Given the material below, return only the lines starting at the line with "GE Basic LED" and ending at the line with "Tales of Edo Oiran", exactly as they appear.

RECORD EXCERPTS:
┌──

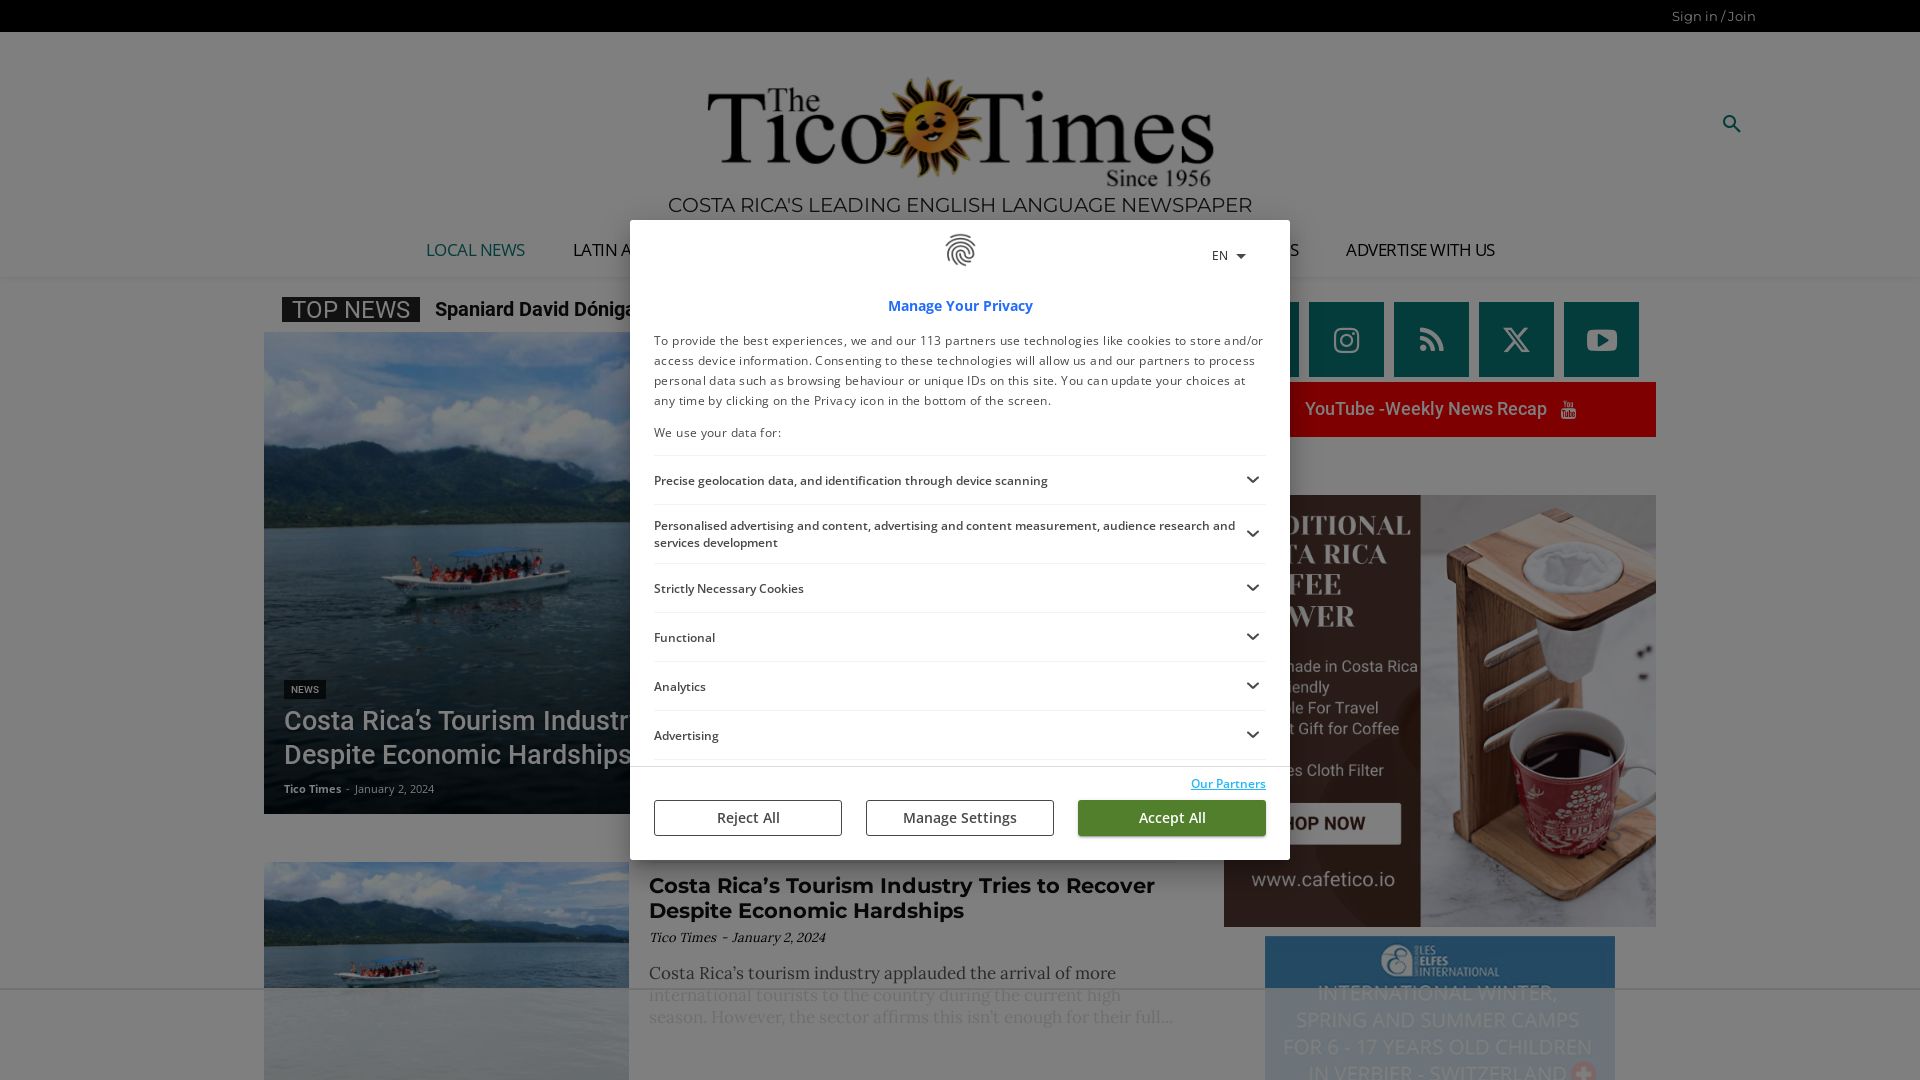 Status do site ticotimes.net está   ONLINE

└──
┌──

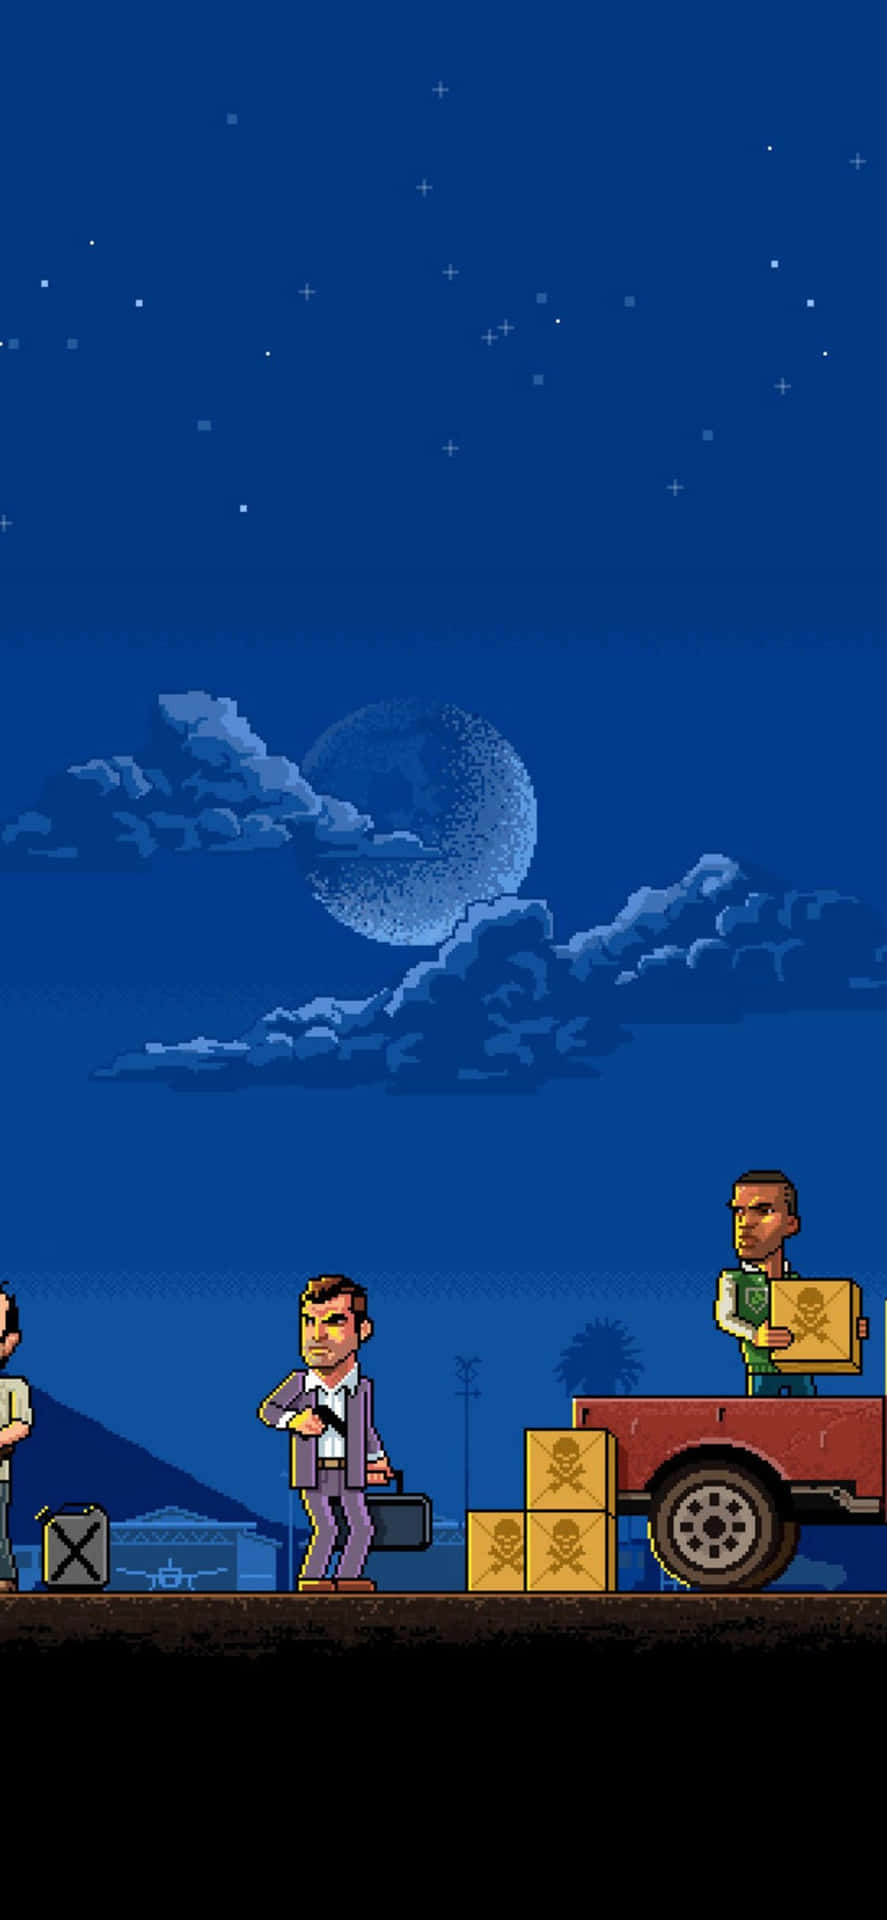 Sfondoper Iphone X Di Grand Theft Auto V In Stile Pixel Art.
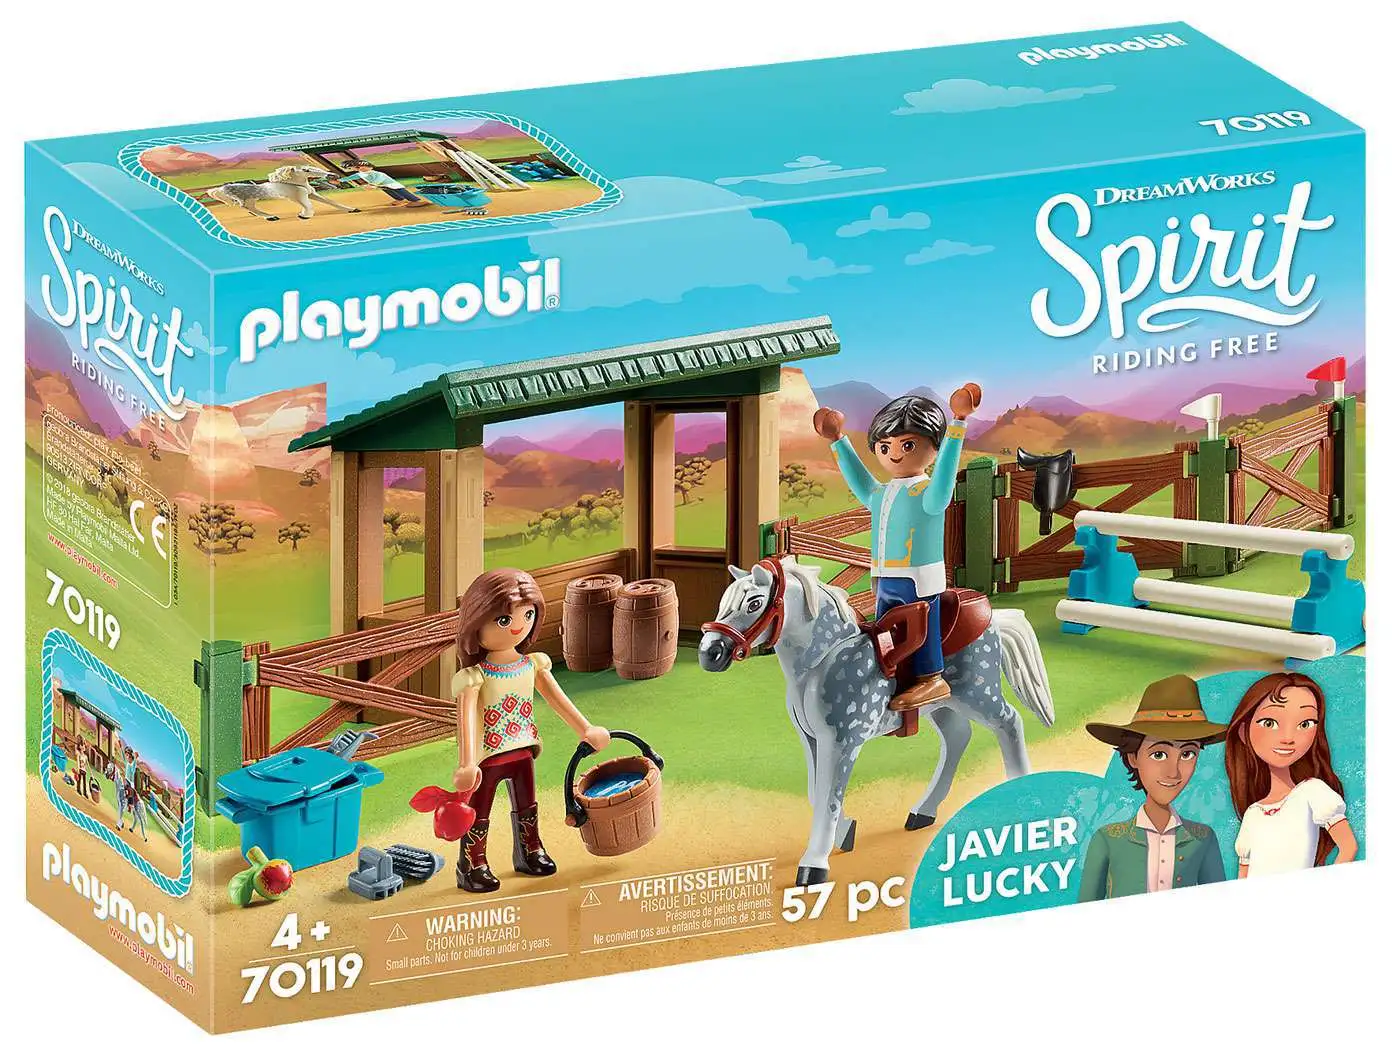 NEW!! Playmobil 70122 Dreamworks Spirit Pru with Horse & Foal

└──
┌──

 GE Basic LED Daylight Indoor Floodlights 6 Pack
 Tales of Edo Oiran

└──

FINAL ANSWER:
 GE Basic LED Daylight Indoor Floodlights 6 Pack
 Tales of Edo Oiran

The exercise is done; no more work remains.